→ WHAT THE TASK REQUIRES:
Would you retype the listing below word for word, without any of its pictures?

→ GIVEN DATA:
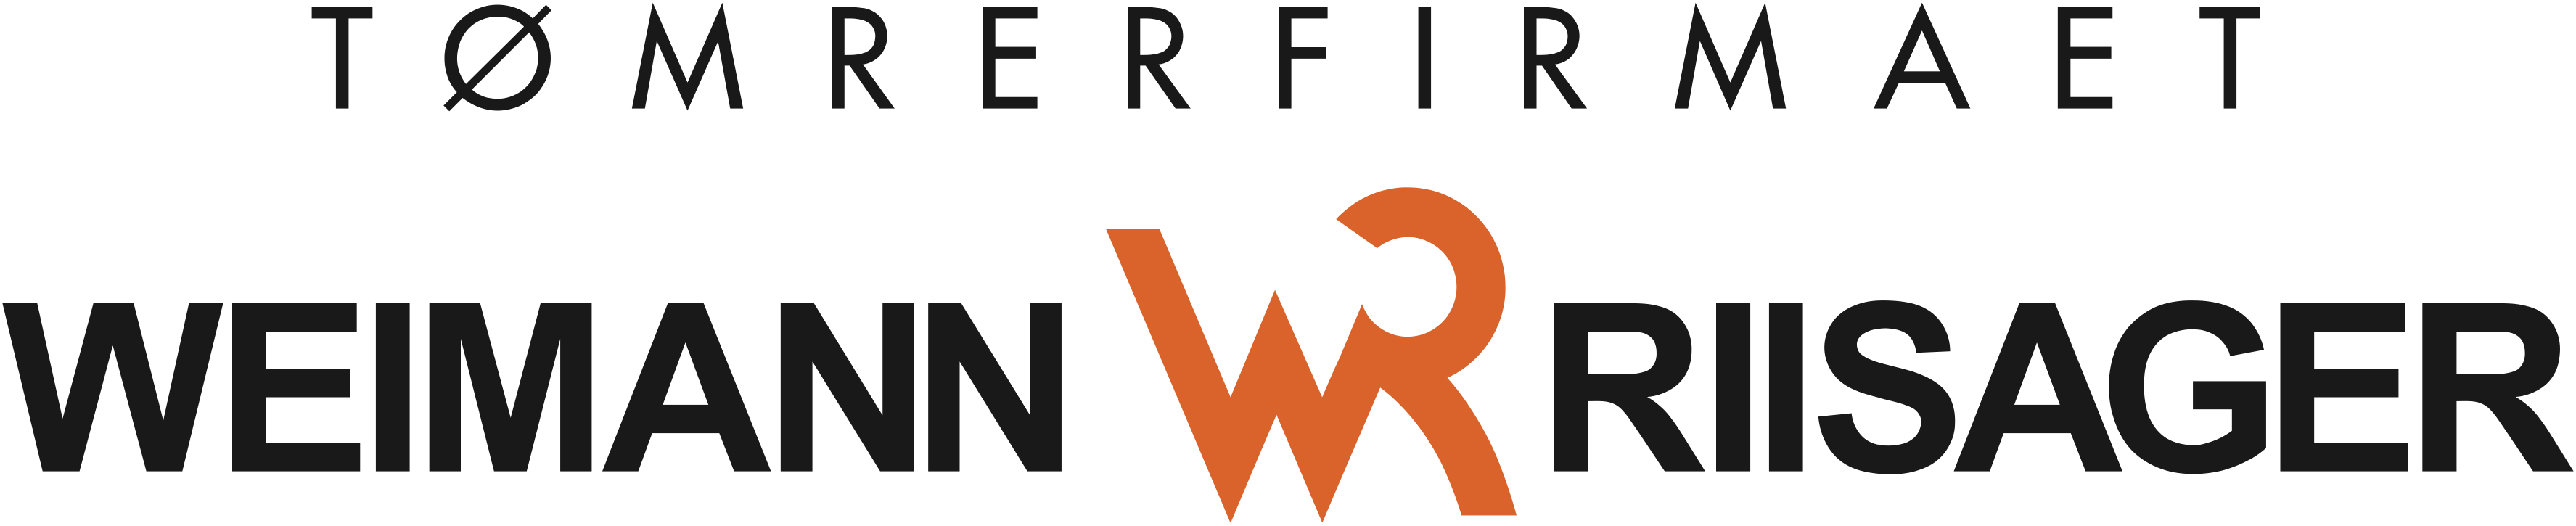 Weimann og Riisager logo
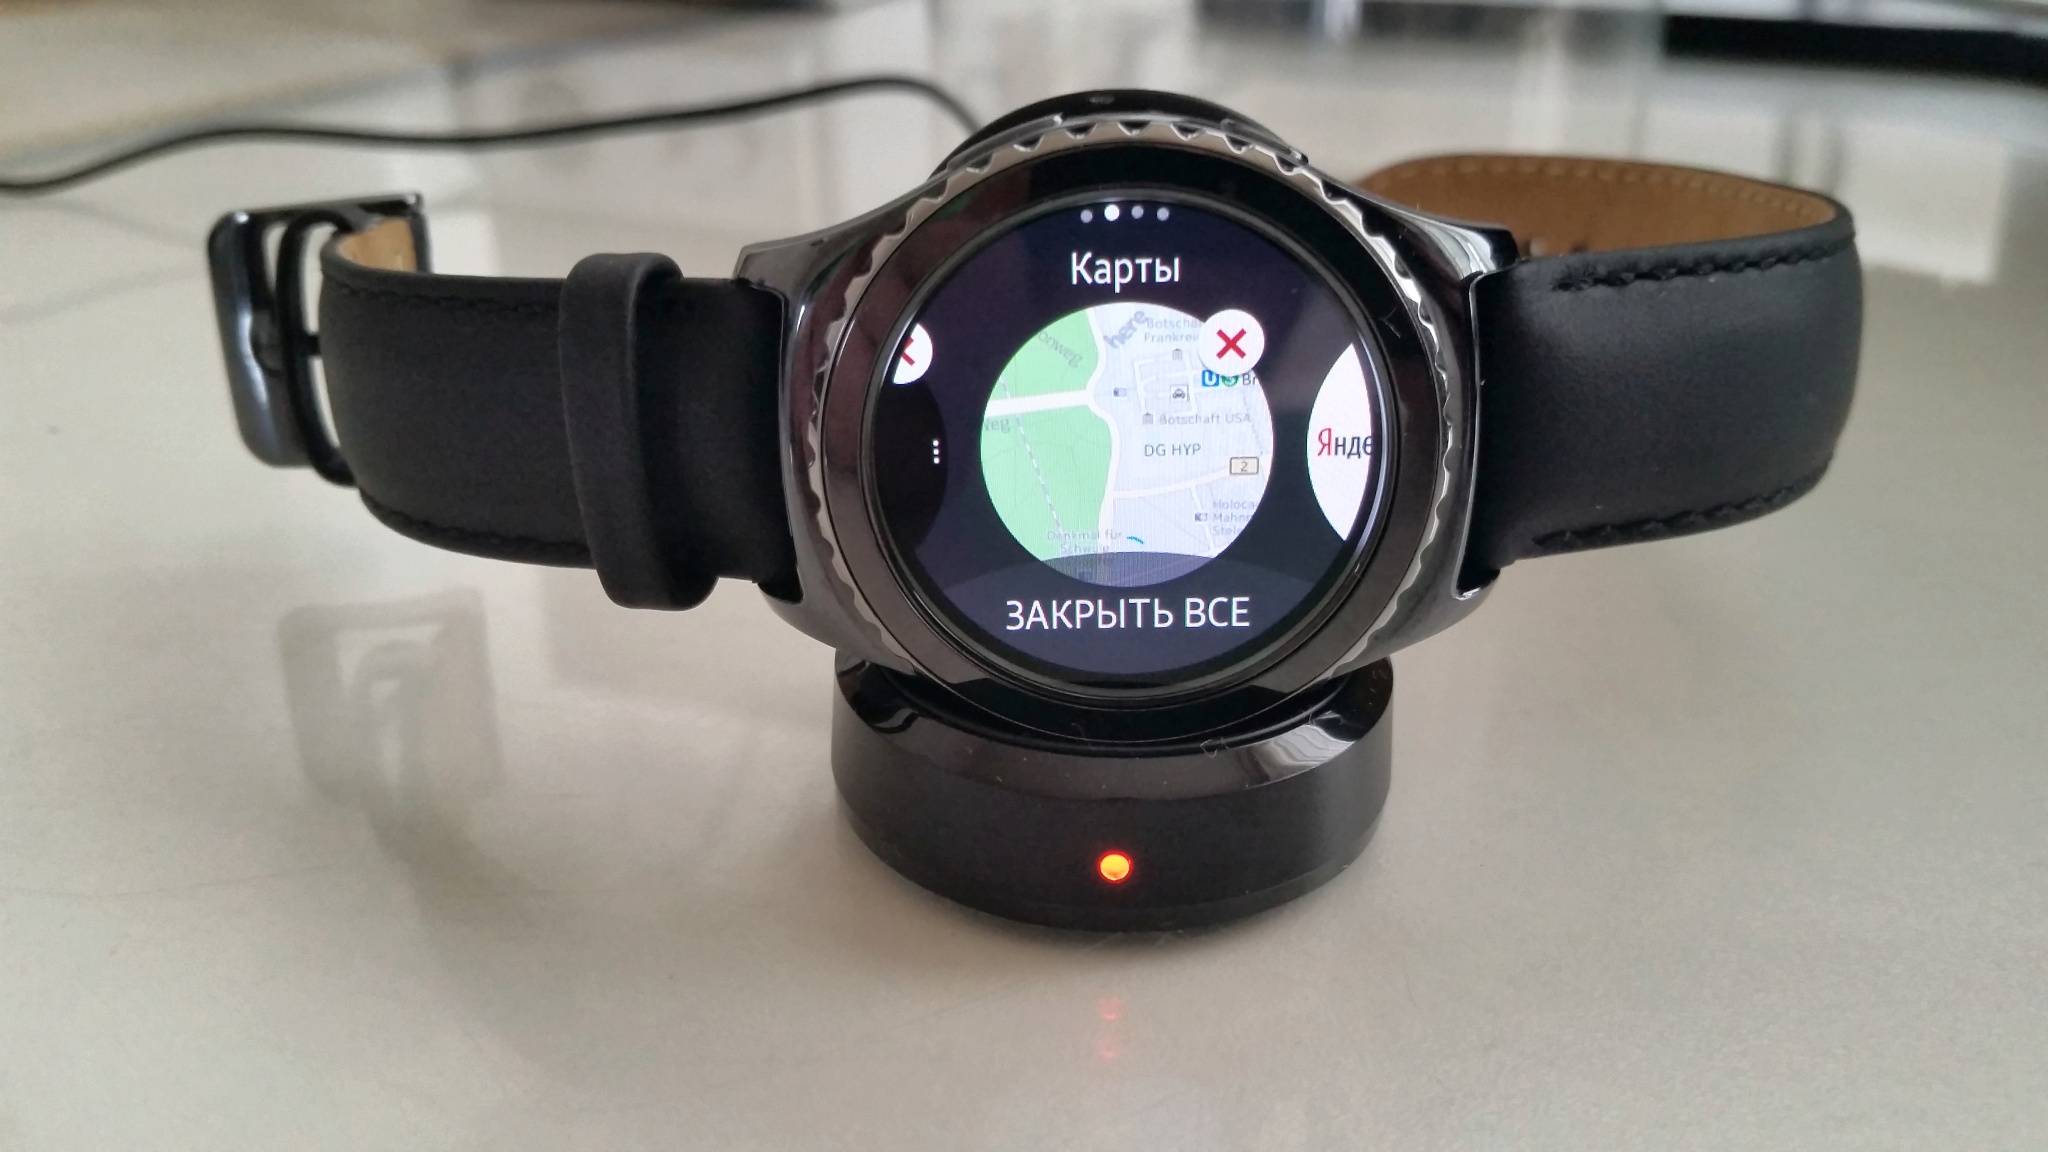 Обзор samsung gear s2 - смарт-часы с уникальной особенностью!
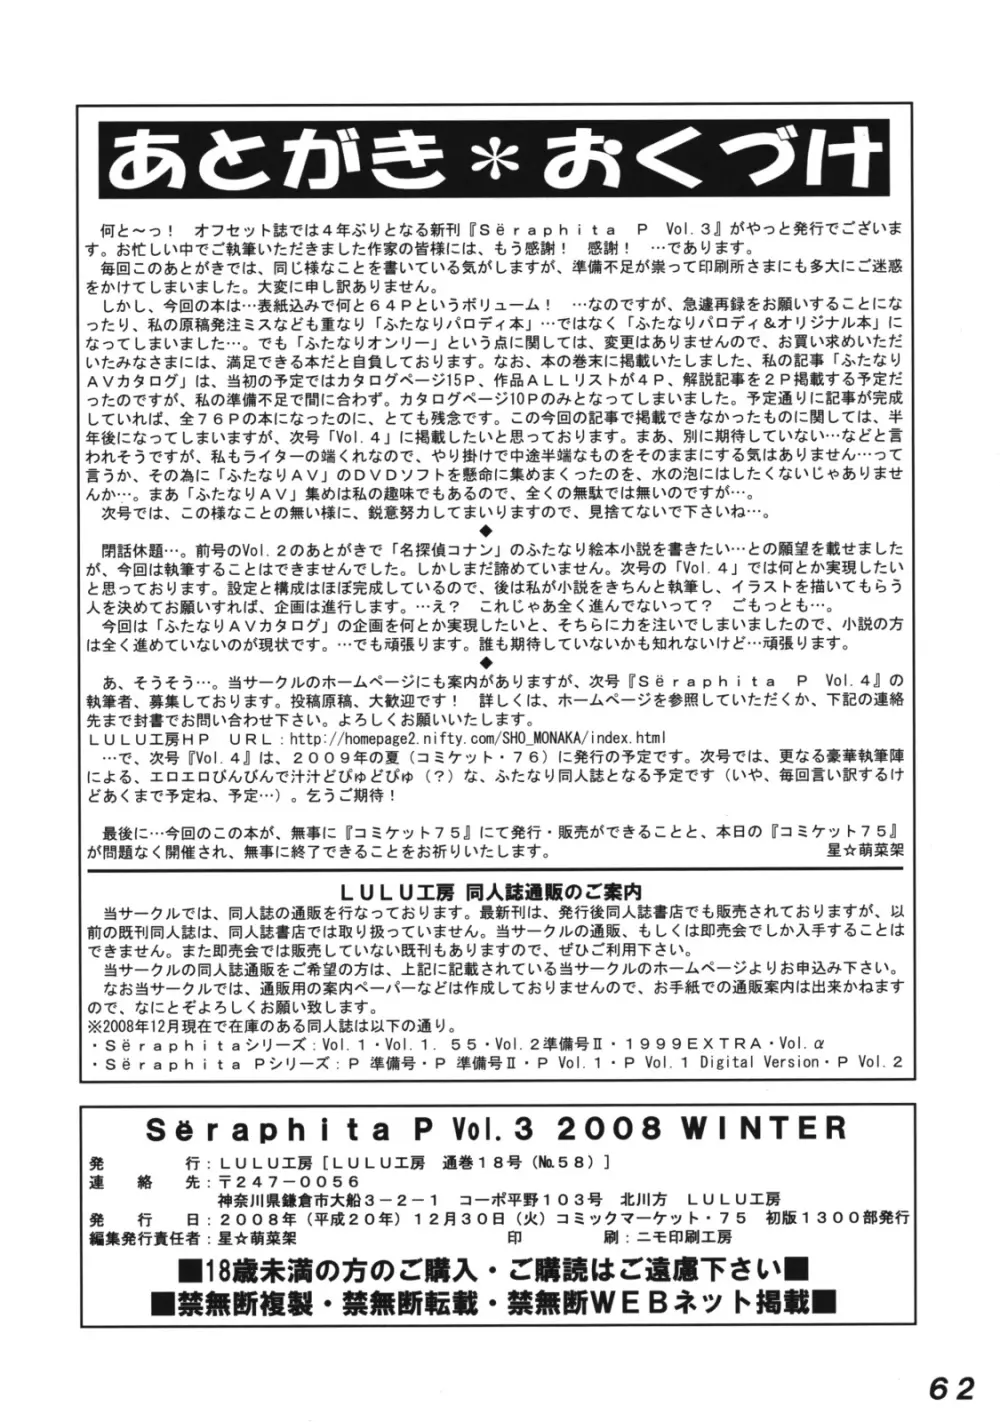 セラフィータ P Vol.3 2008 Winter 61ページ

→ RESPONSE FOR THIS EXERCISE:
 Weimann og Riisager logo
 Обзор samsung gear s2 - смарт-часы с уникальной особенностью!
 セラフィータ P Vol.3 2008 Winter 61ページ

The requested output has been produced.